Maureen is a weaver of wungarr, traditional lawyer cane eel traps, jawun bicornual baskets and is skilled in traditional string making from bark. Her cousin-sister passed on these weaving skills to Maureen who continues to create these traditional functional artworks.
When creating jawun, Maureen collects the lawyer cane from the rainforest at the Jumbun community, removes the spiky outer ‘skin’ of the cane and prepares the cane from splitting by passing it through the fire. The cane is then finely split and woven into the jawun bicornual shape. Some of her notable past works includes a large jawun and extra large jawun made for carrying babies.
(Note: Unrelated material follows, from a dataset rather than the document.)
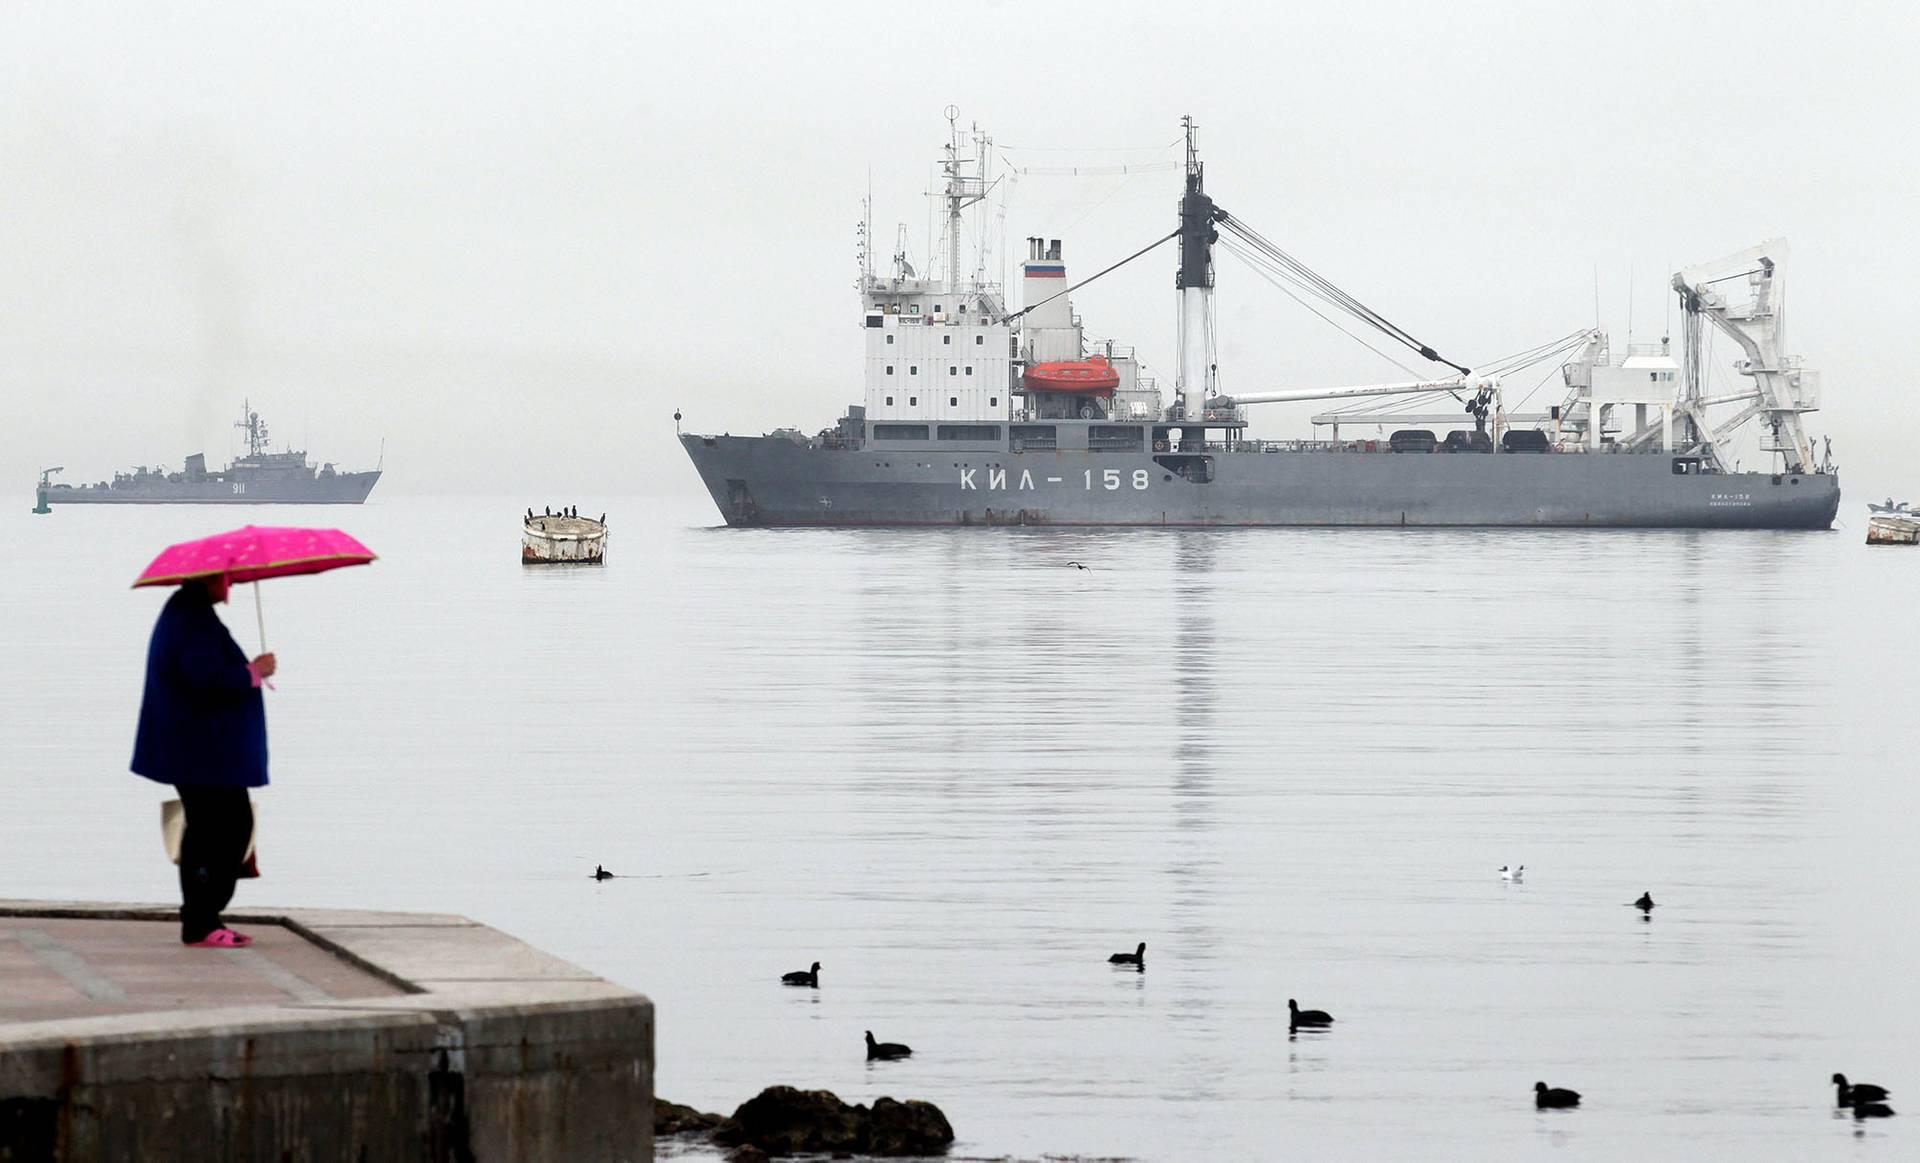 Кораблі військово-морського флоту Росії блокують вхід і вихід у море українським військовим катерам в Стрілецькій бухті у Севастополі, Крим, 4 березня 2014 року

A similar process is carried to create wungarr traditionally used to trap eels in freshwater creeks.
Since 2004, Maureen’s eel traps have been exhibited in numerous exhibitions regionally and nationally. Her eel traps have been acquired by private collectors within Australia.
Maureen is also a painter who expresses her knowledge and cultural experiences through her artwork. The traditional baskets and other objects she makes are a common theme in her paintings.
Artist: Maureen Beeron
Cultural Group: Girramay
Dimensions: 19 x 6 x 5cm
Cat # 105-16
Bagu by Maureen Beeron
Arts and crafts: Girringun Art Centre's arts and crafts are hand produced, one off original works. As such they may from time to time have unique marks or craftsmanship nuances that may be deemed as faults. These will be determined on a case-by-case basis. Please contact us within 30 (thirty) days upon receipt of the item if you feel the work has an issue that you'd like to discuss.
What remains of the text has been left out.